[[ Given information open ]]

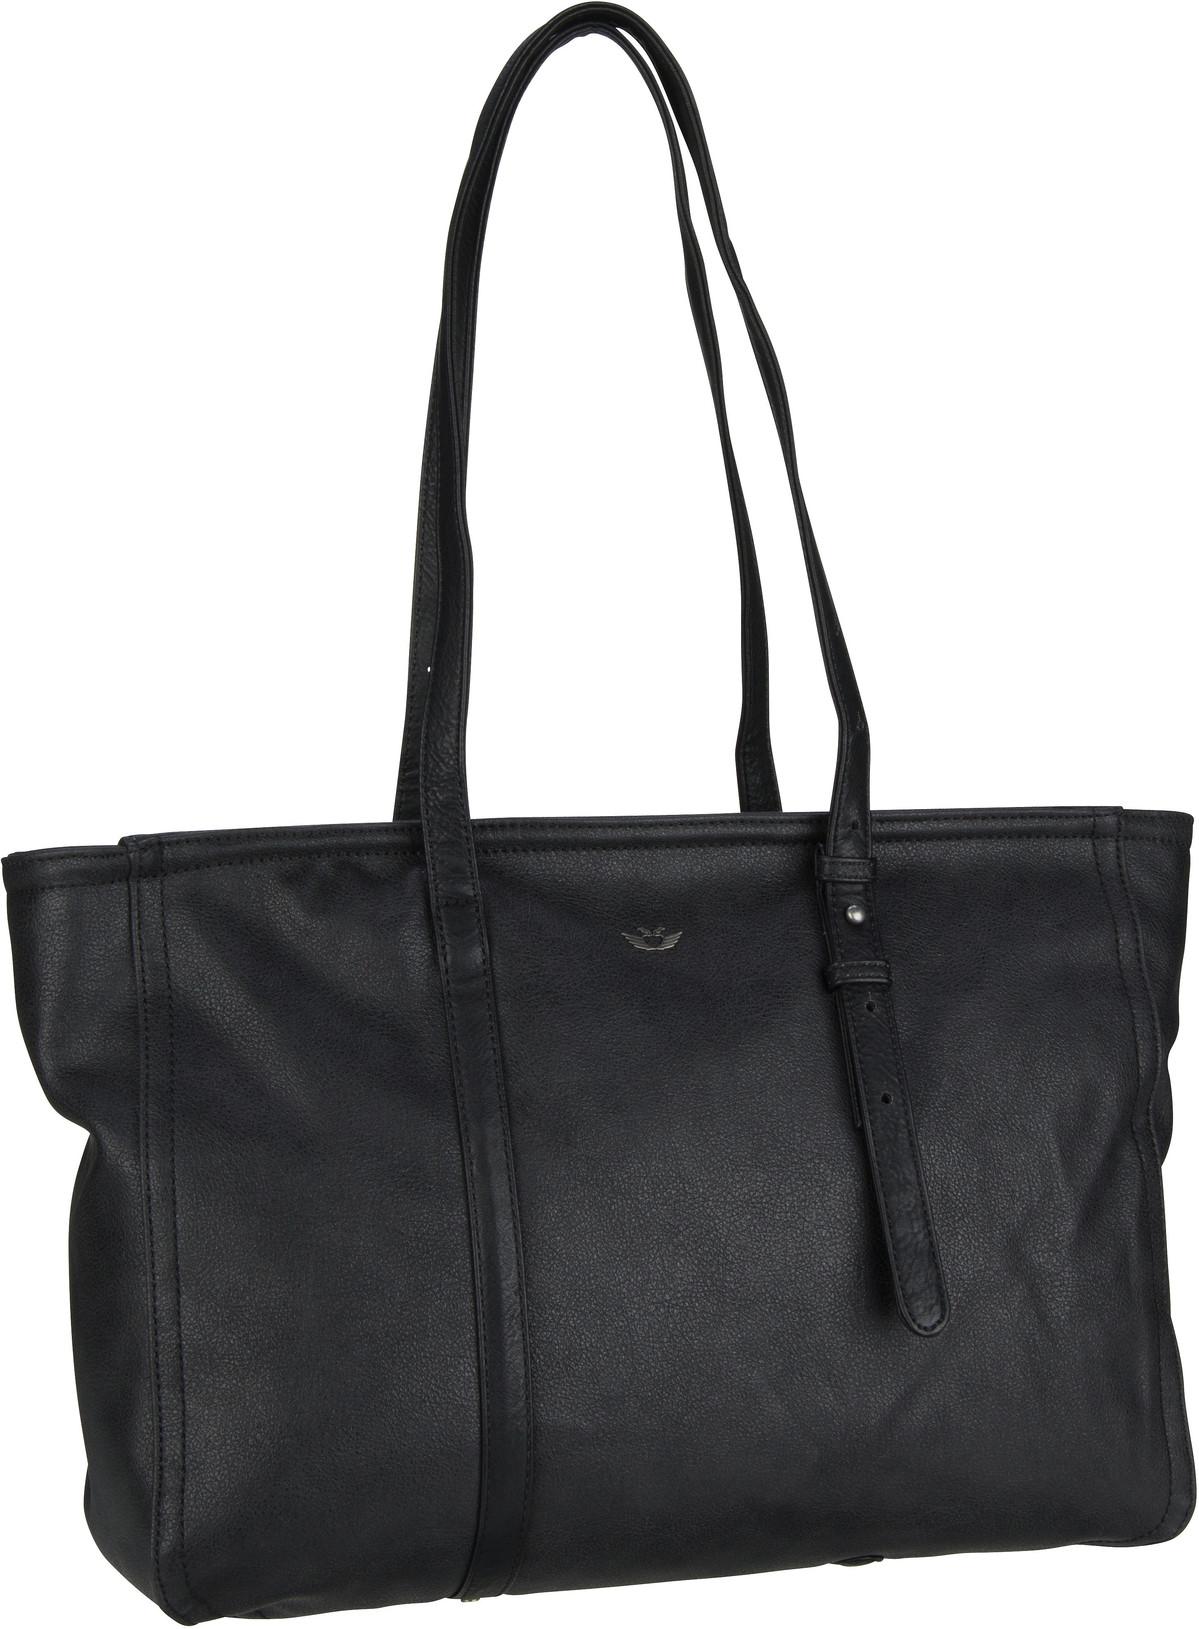 Handtasche Iska Orion Black
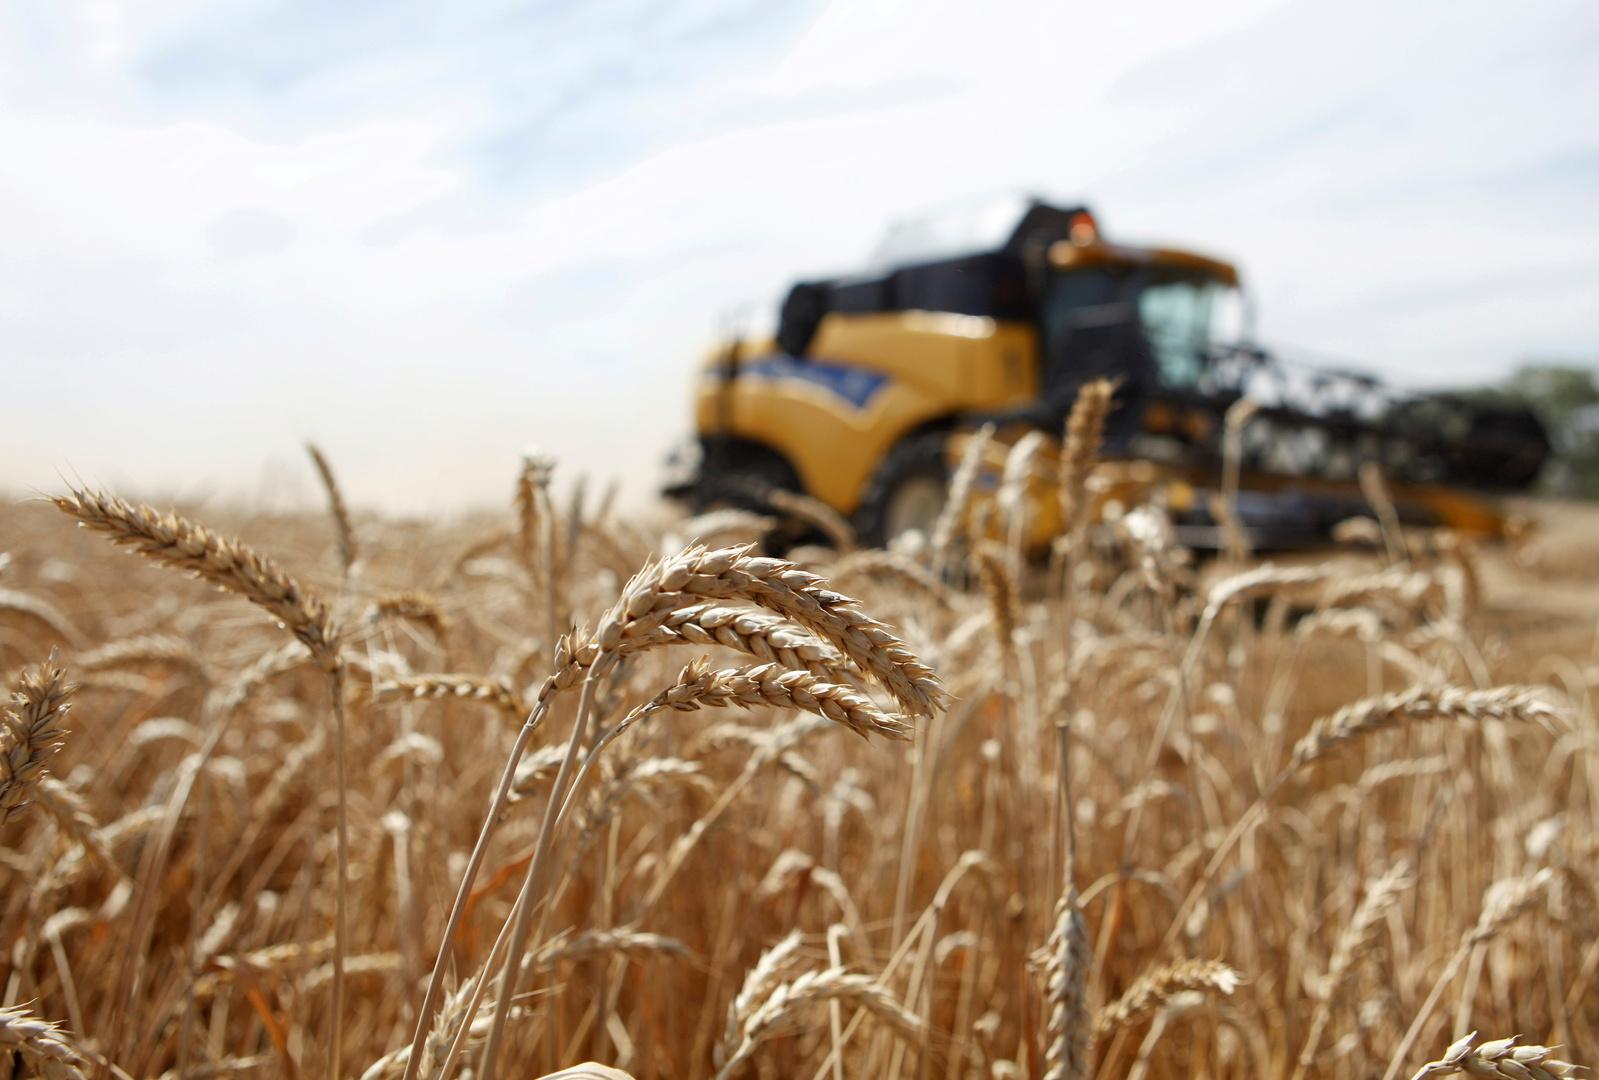 للشهر العاشر على التوالي.. ارتفاع مؤشر أسعار الغذاء العالمية
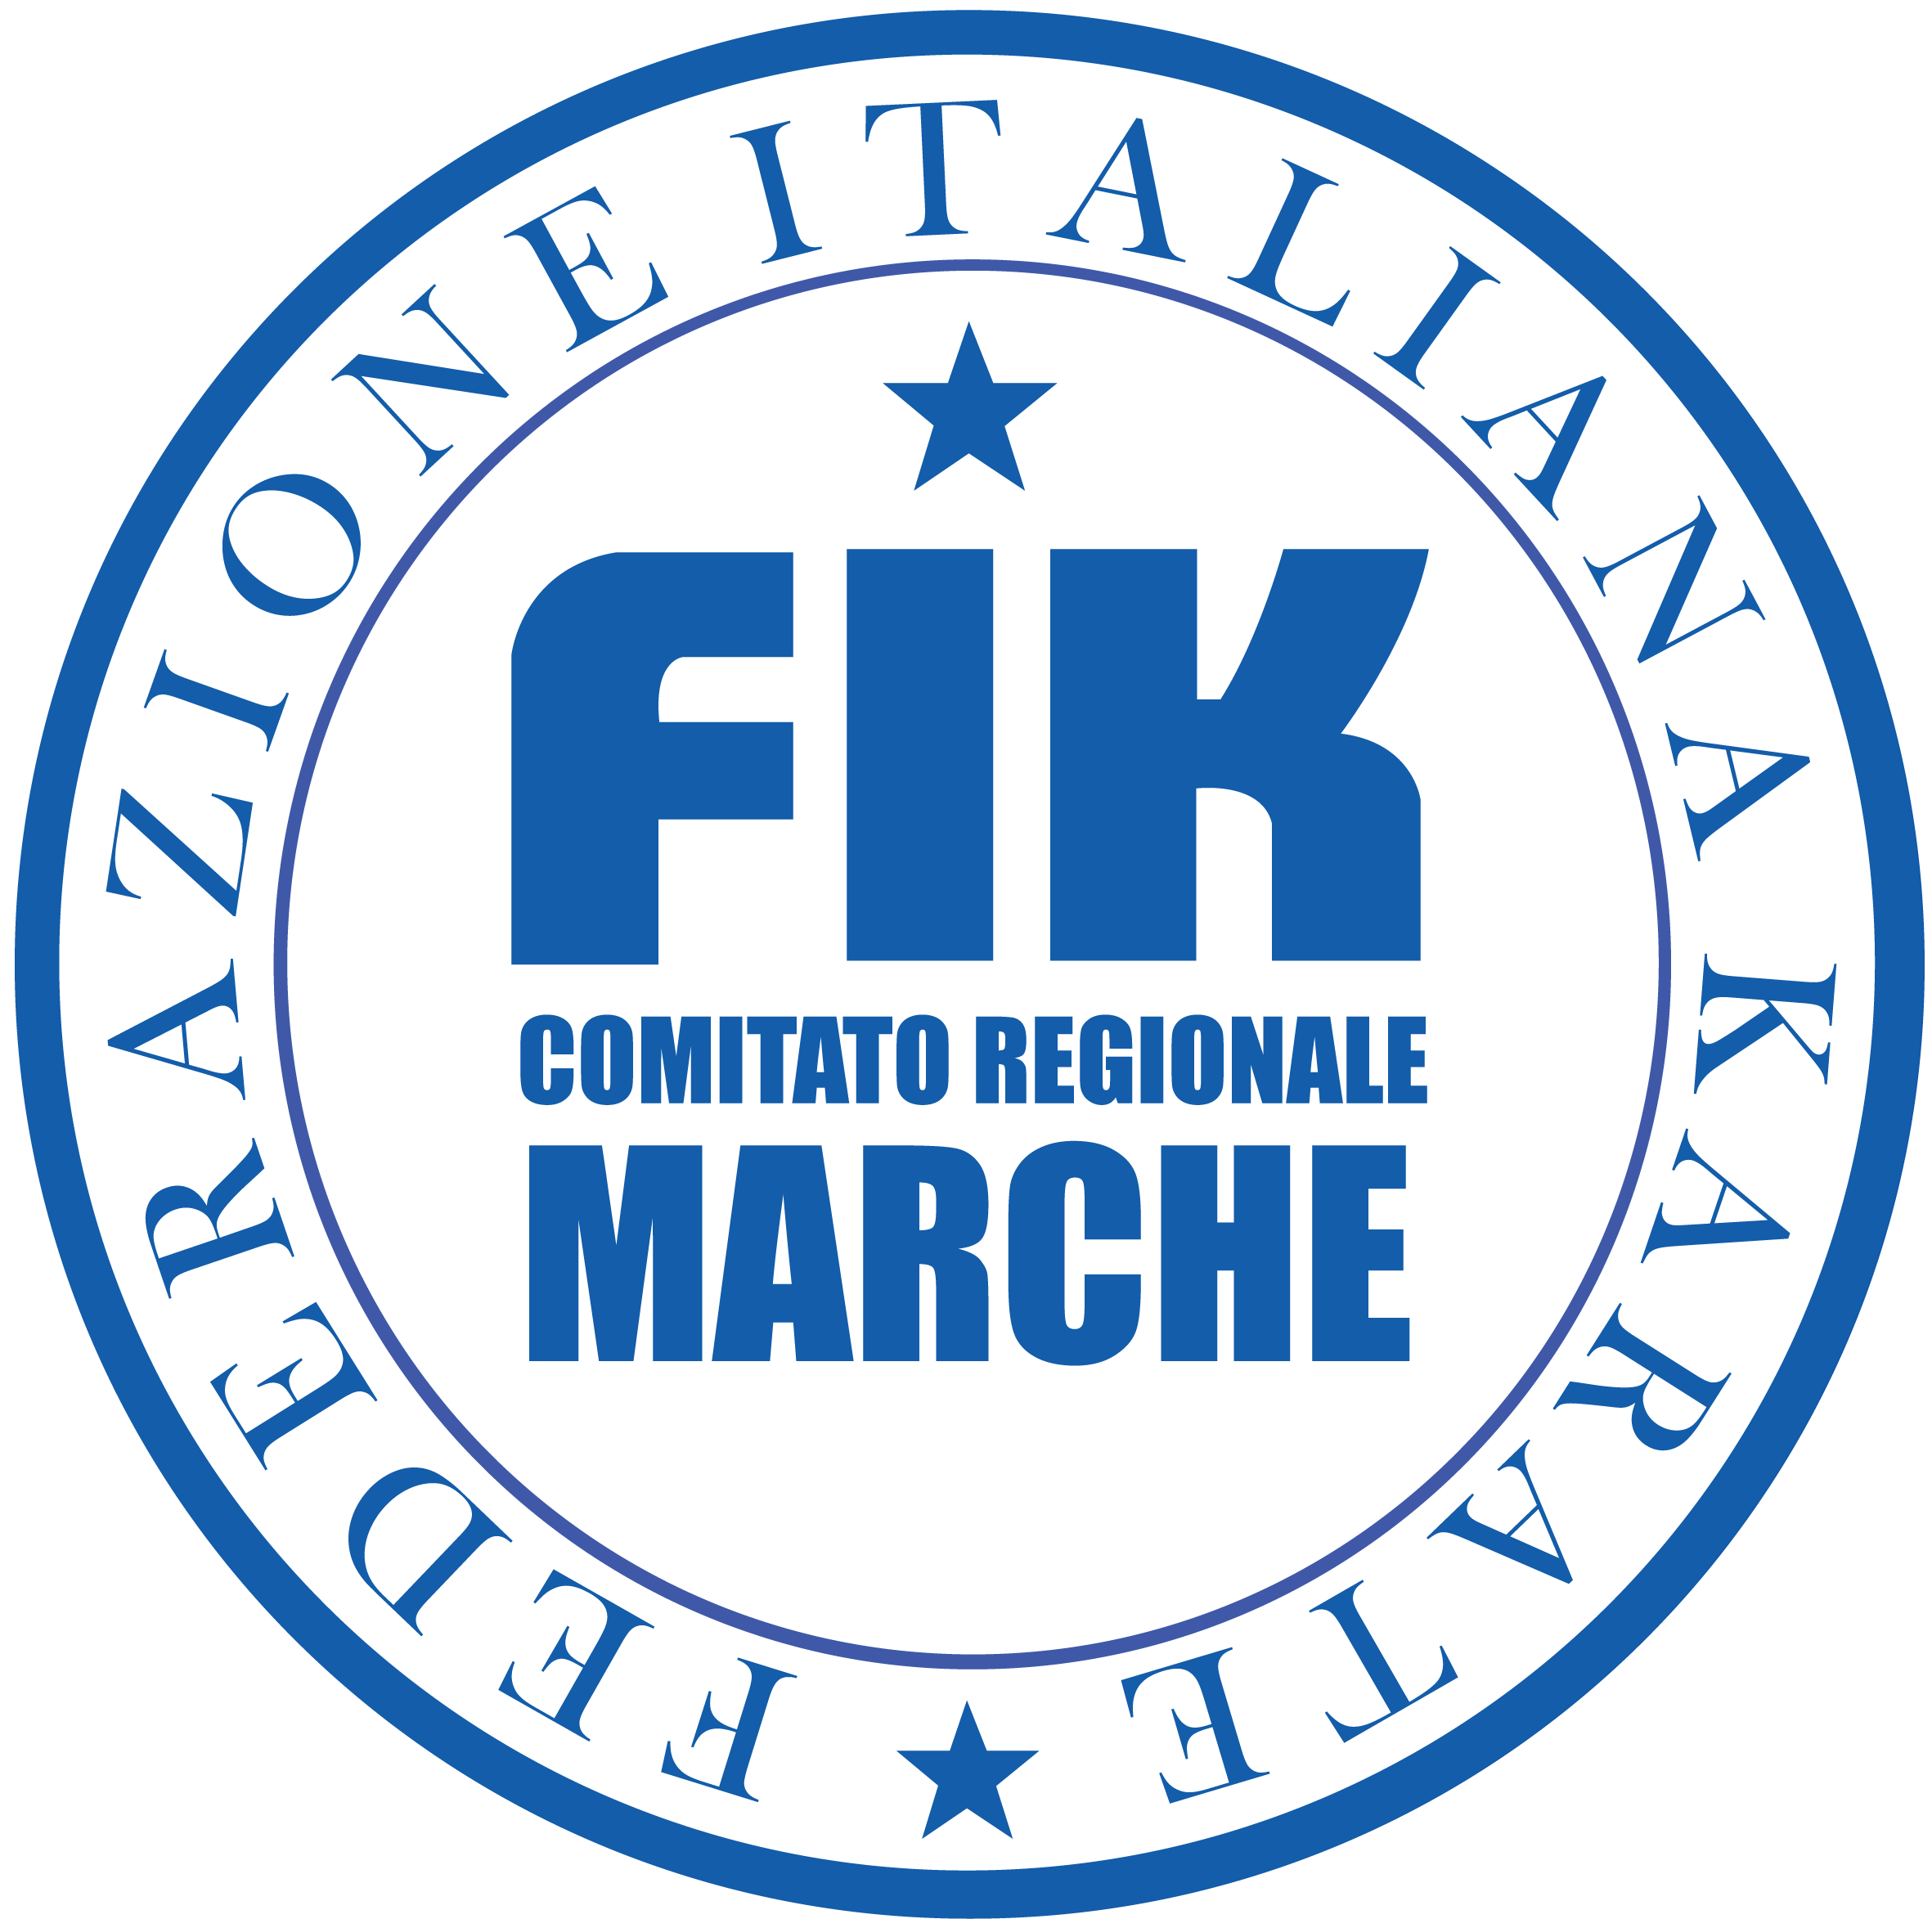 Comitato Regionale Marche

[[ Given information closed ]]

# [Goal of the exercise]
Reproduce word for word only the lines between the line containing "للشهر العاشر على" and the end of the listing above, both included, and drop any pictures.

# [Output below]
 للشهر العاشر على التوالي.. ارتفاع مؤشر أسعار الغذاء العالمية
 Comitato Regionale Marche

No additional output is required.